Section 8. No Redemption. The shares of Series A Preferred
Stock
shall not be redeemable.

Section 9. Rank. The Series A Preferred Stock shall rank,
with respect to the payment of dividends and the distribution of
assets in liquidation, dissolution or winding up, junior to the
$.56 Convertible Preference Stock and to all series of any other
class of the Corporation's Preferred Stock.

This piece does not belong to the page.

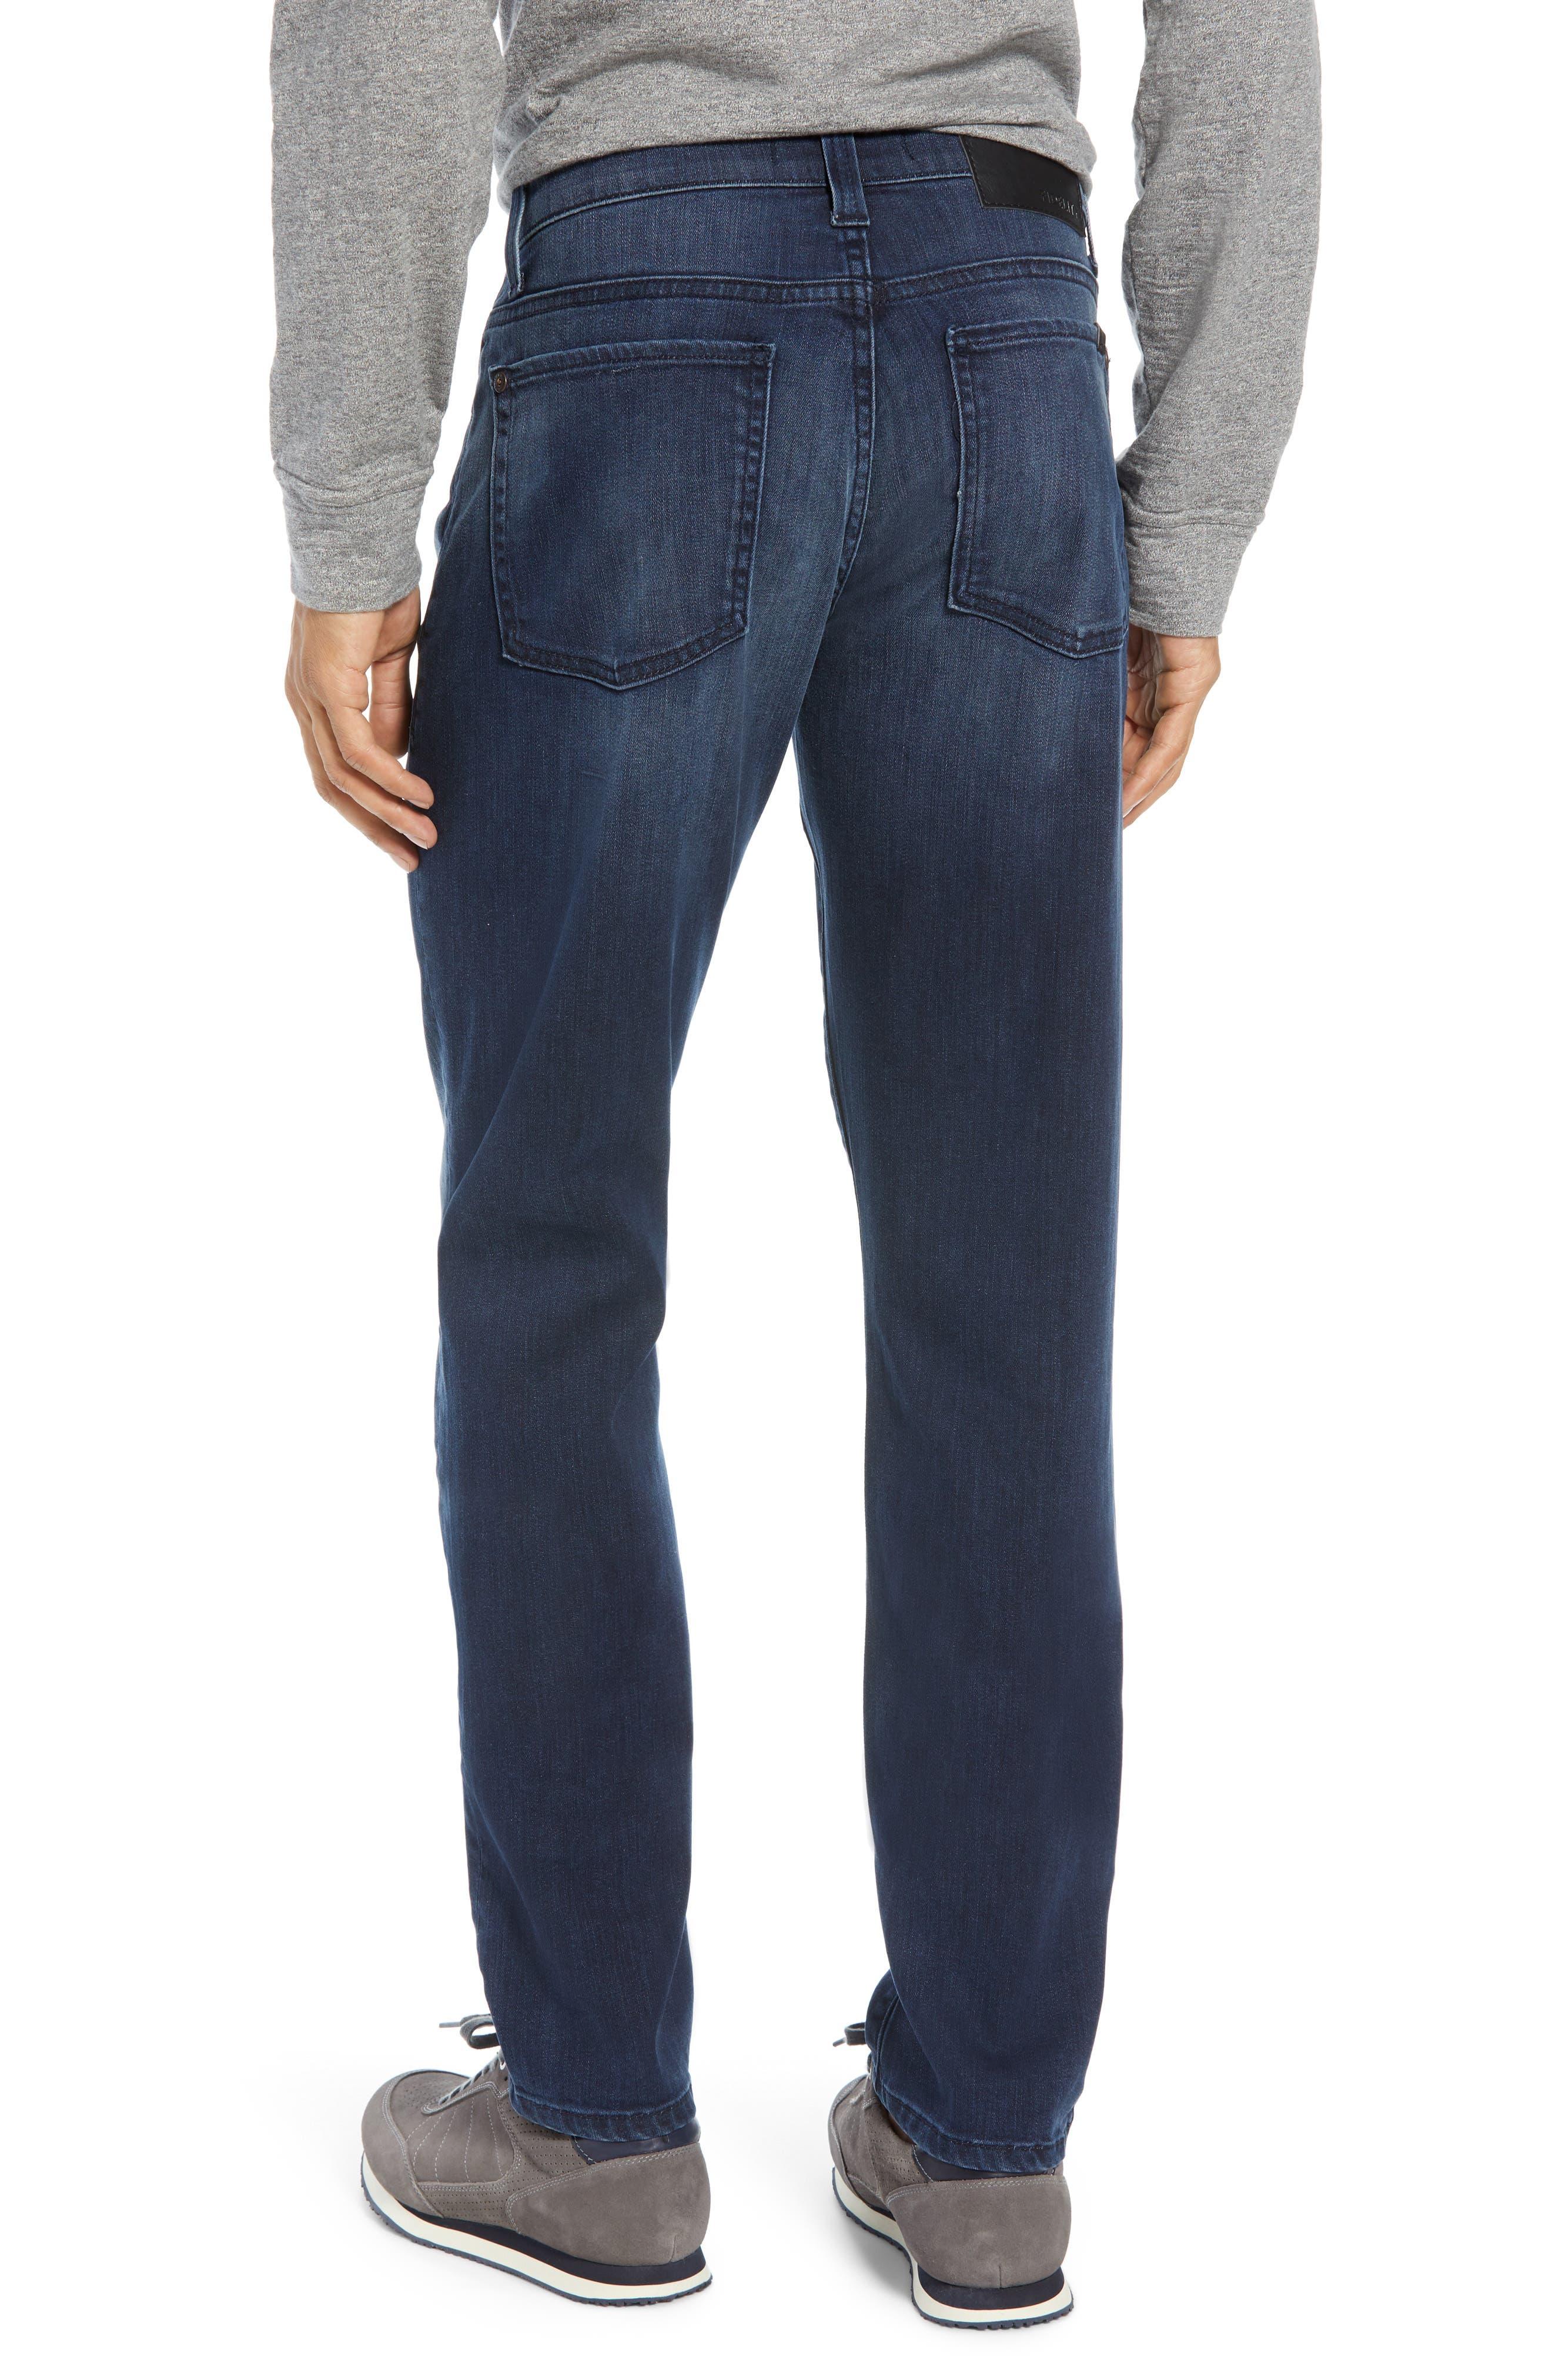 FIDELITY DENIM,                             Torino Slim Fit Jeans,                             Alternate thumbnail 2, color,                             SPECTRE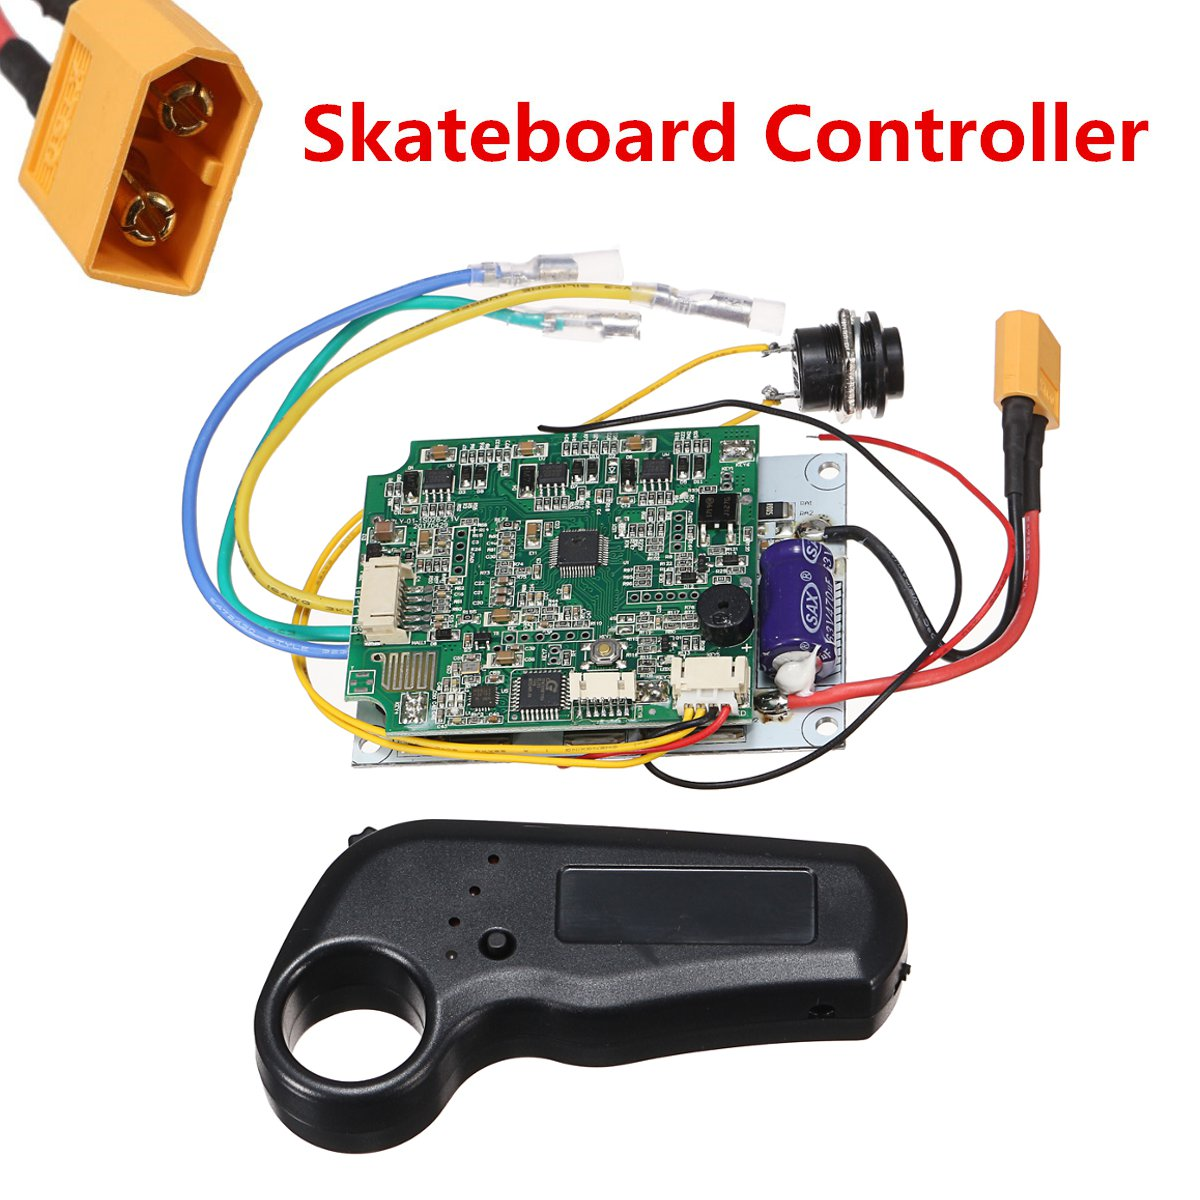 Mini controlador remoto de un solo motor eléctrico de tabla larga de skateboard controlador ESC reemplazo de monopatín eléctrico longboard

Section 10. Amendment. The Restated Articles of
Incorporation of the Corporation shall not be amended in any
manner which would materially alter or change the powers,
preferences or special rights of the Series A Preferred Stock so
as to affect them adversely without the affirmative vote of the
holders of at least two-thirds of the outstanding shares of
Series A Preferred Stock, voting together as a single class.


<PAGE> 8

ARTICLE 4. The address of the registered office of the
Corporation in the State of North Carolina is 1800 Two First
Union Center, Charlotte, Mecklenburg, North Carolina 28282, and
the name of its registered agent at such address is Douglas J.
Yacenda.

ARTICLE 5. No holder of shares of capital stock of any
series or class of the Corporation shall have any preemptive
right to purchase, subscribe for or otherwise acquire stock of
the Corporation of any series or class now or hereafter
authorized, or any securities exchangeable for or convertible
into any such stock, or any warrants or other instruments
evidencing rights or options to subscribe for, purchase or
otherwise acquire any such stock whether such stock, securities,
warrants or other instruments be unissued, or issued and
thereafter acquired by the Corporation; nor shall any holder of
fully paid shares of capital stock be liable for any further
assessment; and all such shares of capital stock may be issued by
the Corporation for such lawful consideration at such time and to
such person or entities as the Board of Directors may from time
to time determine.

ARTICLE 6. To the fullest extent permitted by the North
Carolina Business Corporation Act, as the same exists or
hereafter may be amended, a director of the Corporation shall not
be personally liable to the Corporation, its shareholders or
otherwise for monetary damage for breach of his duty as a
director. Any repeal or modification of this Article shall be
prospective only and shall not adversely affect any limitation on
the personal liability of a director of the Corporation existing
at the time of such repeal or modification.

ARTICLE 7. Directors may be removed from office only for
cause and only by a vote of shareholders holding a majority of
the shares entitled to vote at an election of directors. If any
or all directors are so removed, new directors may be elected at
the same meeting. The affirmative vote of two-thirds of the total
number of voting shares outstanding shall be required to amend,
alter, change or repeal this ARTICLE 7.

 

State of North Carolina

Department of the Secretary of State

 

ARTICLES OF AMENDMENT

BUSINESS CORPORATION

 

Pursuant to §55-10-06 of the General Statutes of North Carolina, the undersigned corporation hereby submits the following Articles of Amendment for the purpose of amending its Restated Articles of Incorporation, dated as of December 14, 2000.

 

1.

The name of the corporation is: Ruddick Corporation

 

2.

The text of each amendment adopted is as follows:

 

Article 1 of the corporation’s Restated Articles of Incorporation shall be deleted in its entirety and the following shall be inserted in lieu thereof:

 

ARTICLE 1.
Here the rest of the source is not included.